O número encerra com um depoimento pessoal de Aniceto Afonso, membro do
Movimento das Forças Armadas de Portugal, estacionado na frente de guerra em
Moçambique, à altura do golpe de 25 de abril de 1974. A análise atenta dos
acontecimentos e atores envolvidos no golpe é reveladora da importância
política deste, embora a consistência militar do grupo do MFA fosse mais
frágil, como o autor argumenta. Uma leitura incontornável para uma melhor
compreensão dos processos de descolonização que marcaram a transferência de
poderes para os novos países independentes em 1975.

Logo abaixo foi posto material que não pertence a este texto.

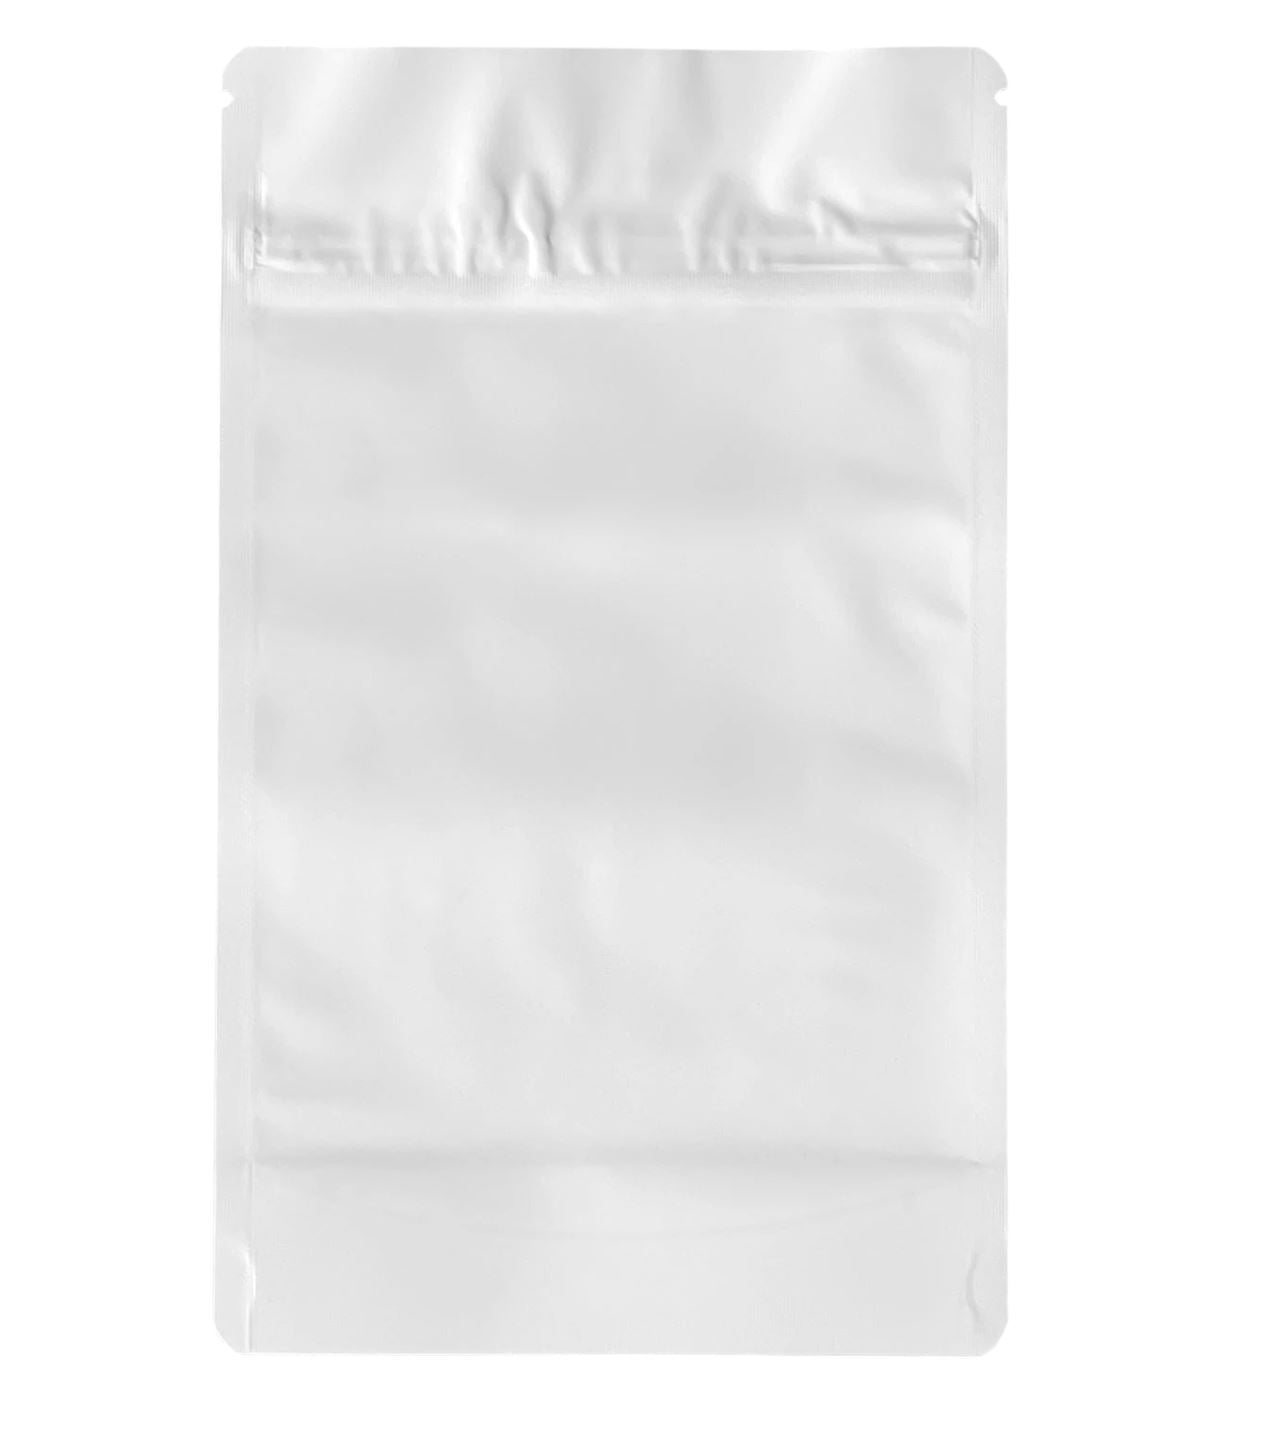 1/2 Ounce Child Resistant Bags All White 5"X8.15"+2.36" - 1,000 COUNT Flower Power Packages 
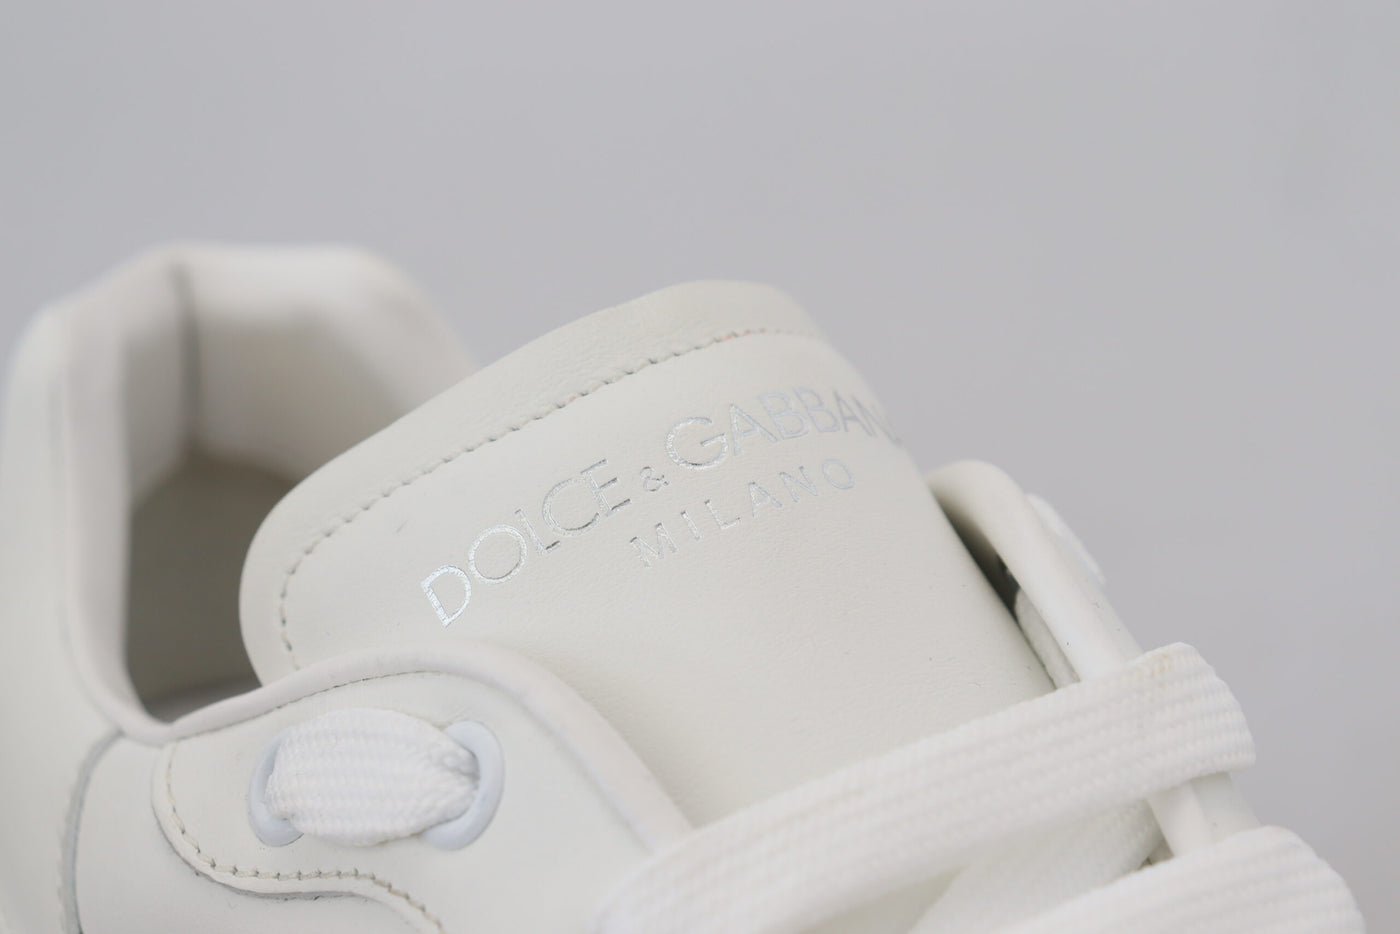 White Leather Sport DAYMASTER Sneakers Shoes

A rutura com o passado colonial está, como este número da revista expõe,
repleta de episódios de continuidade com relações e projetos forjados nos anos
que antecederam as independências. Estas reflexões, no seu conjunto, ecoam um
apelo ao revisitar da história, sinal inequívoco do fracasso de qualquer
metanarrativa nacional. Estes debates chamam a atenção para fraturas que
atravessam as sociedades pós-coloniais e para a necessidade de um amplo
processo de desvendamento de memórias de violência. O estudo dos processos que
geraram estas fraturas é uma condição para a reconciliação e reconstituição dos
países, e para um futuro de paz e progresso social. Como estes textos espelham,
um conhecimento detalhado da história, assente em detalhes texturizados, e não
apenas em generalizações ou versões higienizadas dos processos históricos, abre
espaço para uma releitura e mesmo reinvenção destes processos, para imaginar o
futuro de uma forma que evita a repetição dos erros e a imposição de uma
leitura singular e simplista dos passados. As múltiplas memórias e
esquecimentos sobre os episódios de violência colonial e das resistências
nacionalistas permitem a afirmação de outras narrativas que desafiam as
leituras hegemónicas, reacionárias, que paralisam qualquer vontade de mudança.